Project Leads: Iris Derry, Renee Li
Team Members: Davis Bartels, Davis Malmer, Dhanya Narayanan, Ian Buchanan, Ian Fischer, James Kim, Jiamin Yang, Linkai Li, Marisol Garrouste, Matthew Bellick, Melodie Jin, Nathan Martin, Radi Akbar, Xin Hao Ling, Xinqian Zhai, Zach Fewkes, Jayachandra Korrapati
About this project
To begin, many teams removed the “Lecture” entries from the dataset. These entries did not provide insight into user performance on questions, just whether they were watching instructional material. A deeper model might be able to utilize these entries, but for our purposes they were not needed. The rest of the data was very complete, i.e. there were few N/A values that needed to be removed.

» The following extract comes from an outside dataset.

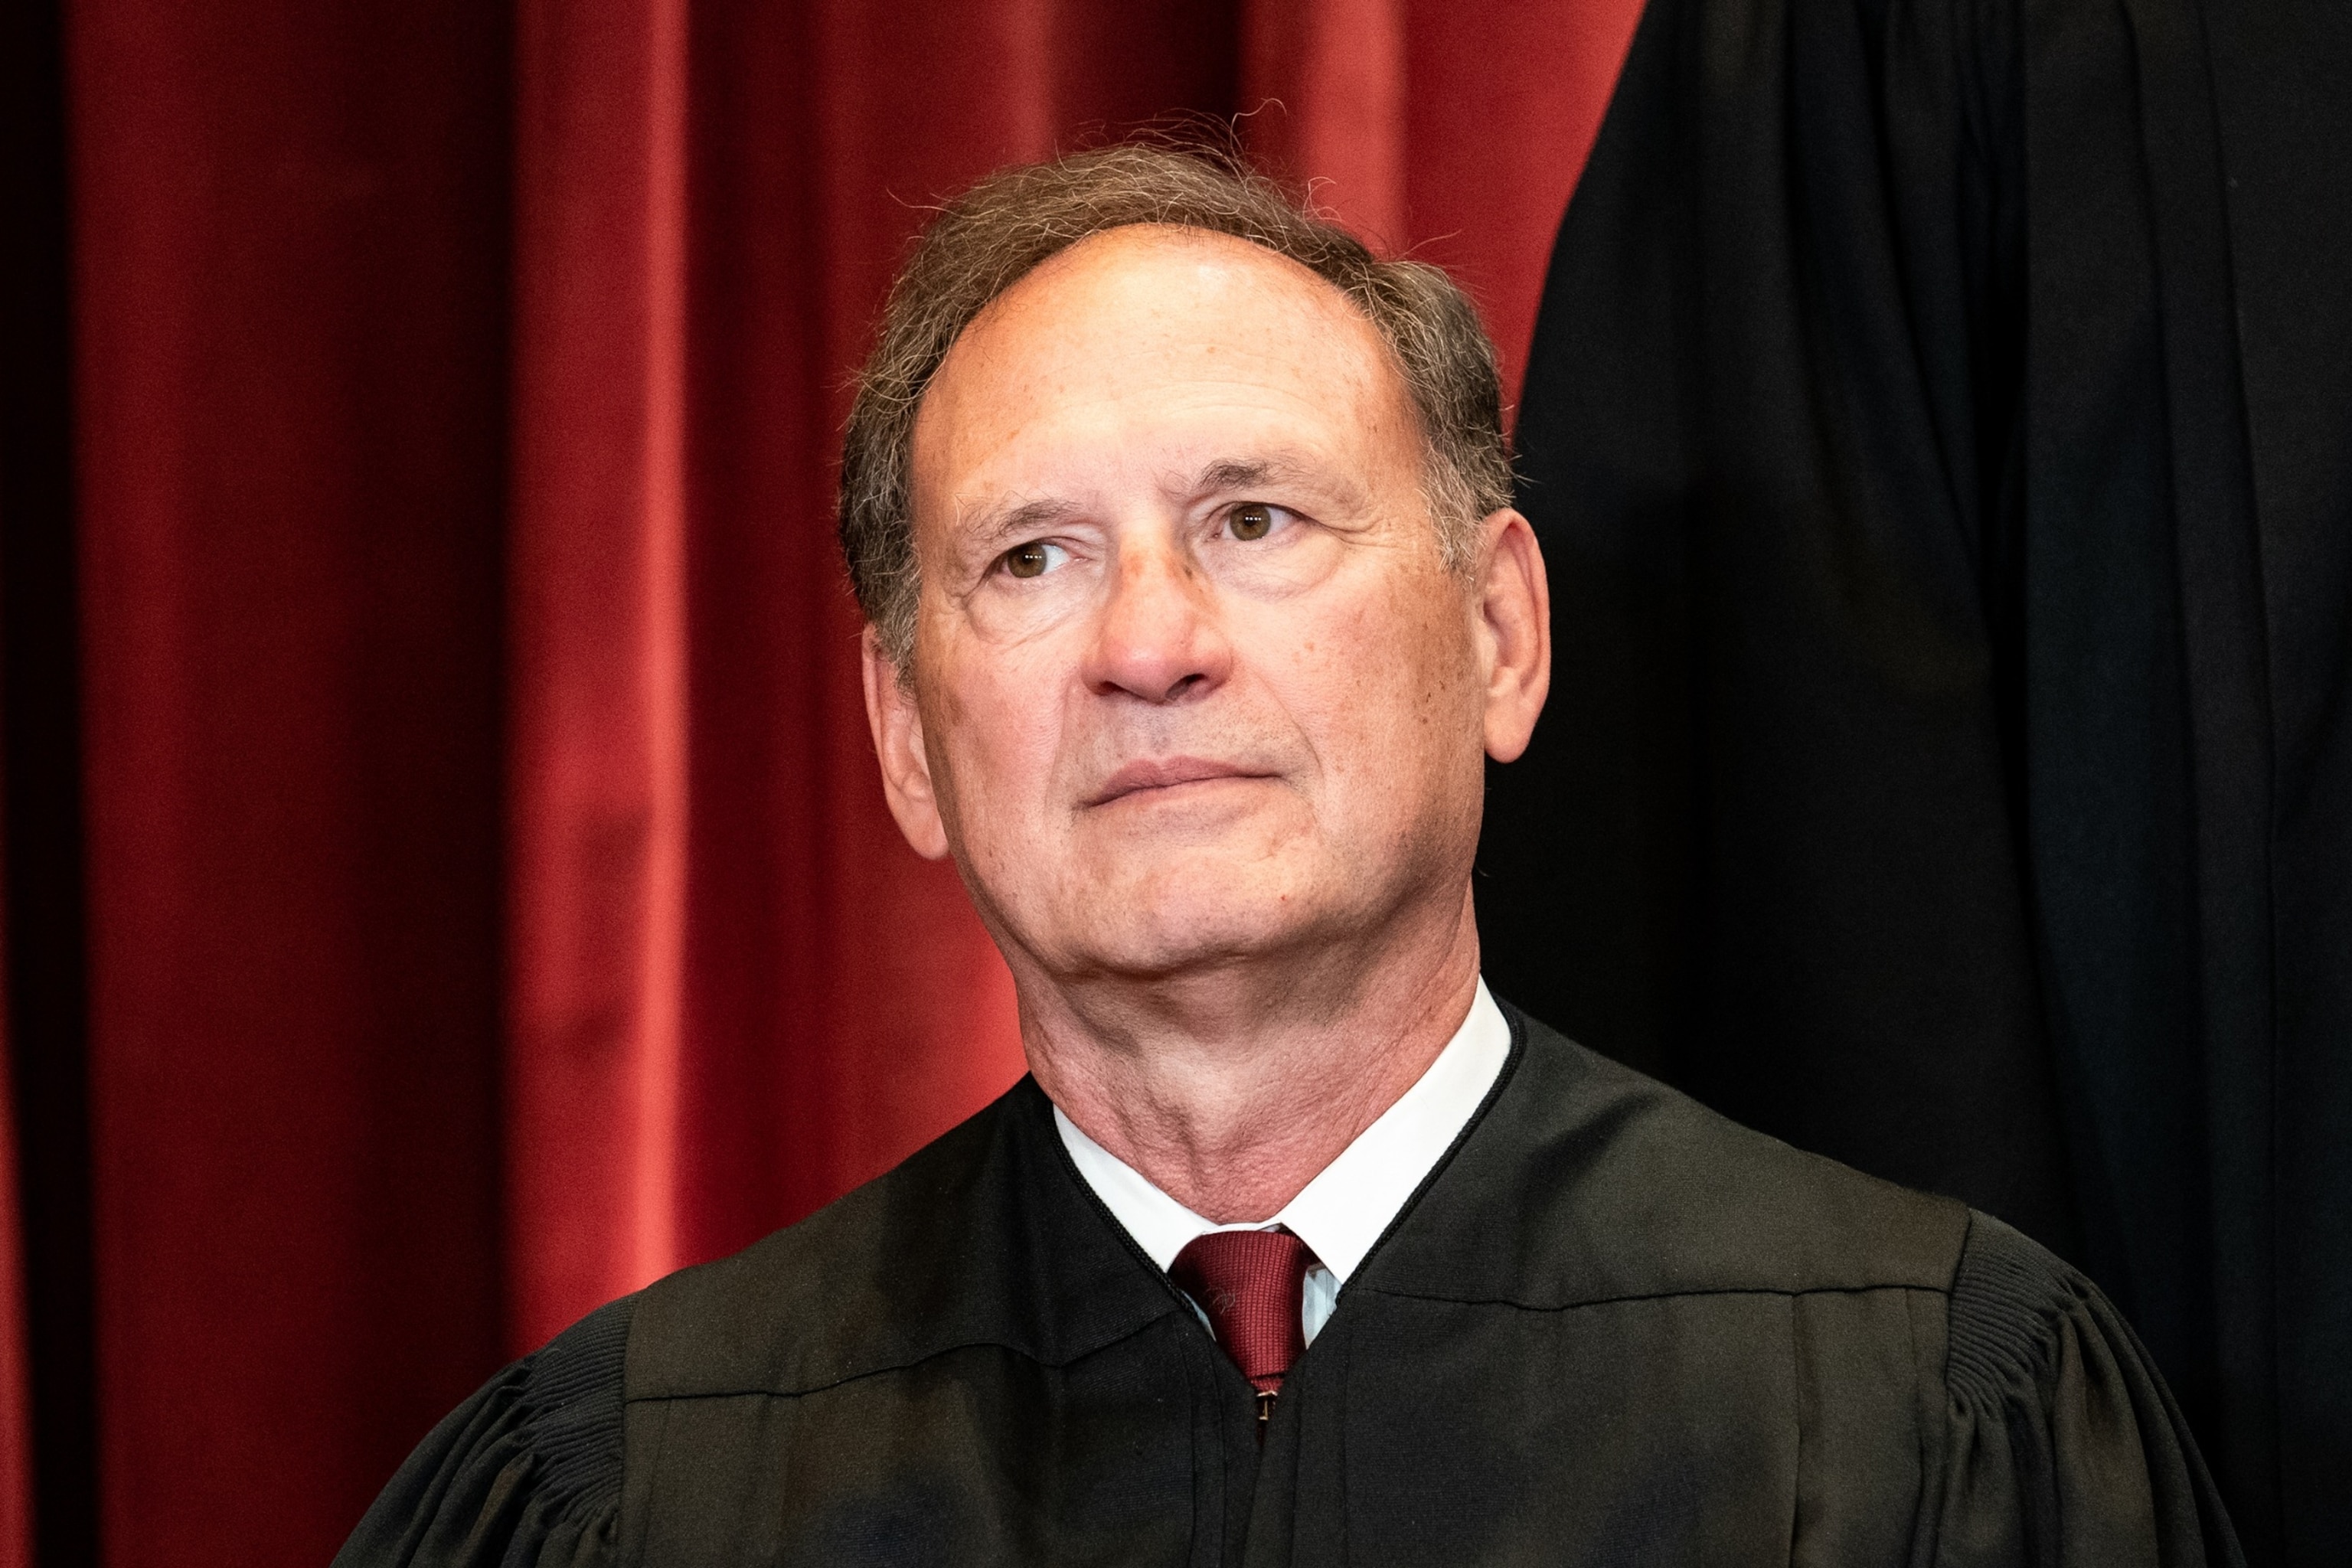 PHOTO: In this April 23, 2021, file photo, associate Justice Samuel Alito sits during a group photo of the Justices at the Supreme Court in Washington, D.C.

The next step was to join our multiple data frames. We had our largest set of data in “train.csv” and two smaller sets called “questions.csv” and “lectures.csv”, which contained metadata about the questions and lectures, respectively. We were interested in some of the data in the “questions.csv” file for feature creation, like what part of the exam a question was from. So we employed Pandas join methods to take the features we wanted from the “questions.csv” file and add them to our train file.
Lastly, depending on the model teams worked with, data standardization and normalization was done. Some teams chose to use a decision tree based model, which did not require any data manipulation, but other teams with distance based classifiers benefitted from standardization.
Figure 1. Distribution of % questions correctly answered, grouped by how long users have been using the app.
We did some exploratory data analysis to get to know our data, particularly since we had some background intuition about educational apps. For example, we expected users new to the app to perform worse than users who have been on the app for a while, which we confirmed using the visualizations in figure 1 above. We used similar methods to explore other features, which helped inform feature selection and engineering in later steps.
Each team was free to choose their classification model and work on it as best they could.
Logistic Regression: Logistic regression measures the relationship between the categorical dependent variable and one or more independent variables by estimating probabilities using a logistic function.
Random Forest Classification: Random decision forests construct a multitude of decision trees at training time and output the class that is the mode of the classes of the individual trees. It outputs the most common classification of all trees. Ensemble algorithms are those which combine more than one algorithm of the same or different kind for classifying objects, the idea being that multiple weak trees, when merged, create a stronger, more accurate decision tree.
LGBM (Light Gradient Boosting Machine) is also a tree based learning algorithm. LightGBM uses histogram-based algorithms, which splits continuous feature values into discrete bins. This speeds up training and reduces memory usage.
Why did you do this project?
After submitting each team’s model, the competition runs a simulation and tests each model. Here are the following accuracy rates;
1st Logistic Regression: 73%
Random Forest Classification: 72%
2nd Logistic Regression: 61%
Although the models differ in many aspects, most of them share the same features. These features are; mean accuracy per TOEIC part, mean accuracy per question, mean accuracy of user, if the user saw explanation of prior question.Thus, the main differences between each model is the type. From the results, LGBM has the highest accuracy rate out of all the models, which leads us to conclude that perhaps decision tree models are more suited for this problem than weighted probability models like logistic regression. Furthermore, it seems like some of the features use future data like user mean accuracy, which can be a problem when predicting a new user with no prior experience, so a model that constantly updates itself with new information about the user would also be useful at predicting their answers.
Although our best model has a 76% accuracy rate, there is always room for improvement. First, data like timestamp and prior question elapsed time were completely ignored. From observing other models online, there were creative usage of timestamps like ‘good week’ or ‘mood’ of the user at that time. Furthermore, sophisticated features like ‘learning rates’, which measures a user’s ability to get the next attempt correct given that their previous attempt failed, would have been useful in determining the user’s correct answer.
Second, there are sophisticated machine learning models that deal with learning more complicated patterns. Models like transformers, which also happens to be the most used model online, would be very useful in weighing the different inputs of the data and recognize patterns that are hard to visualize in EDA’s. What this implies is that predicting a user’s answer is much more difficult with our current model without tapping into future data and that there are more variables contributing to a user’s ability to get an answer correct than simple statistical metrics like their accuracy rate or difficulty rate of the question. This lines-up nicely with the reality of cognitive science, since the learning mechanism of a human being is still largely a mystery. Understanding these mechanisms could potentially help design machine learning algorithms that can better predict user’s learning patterns.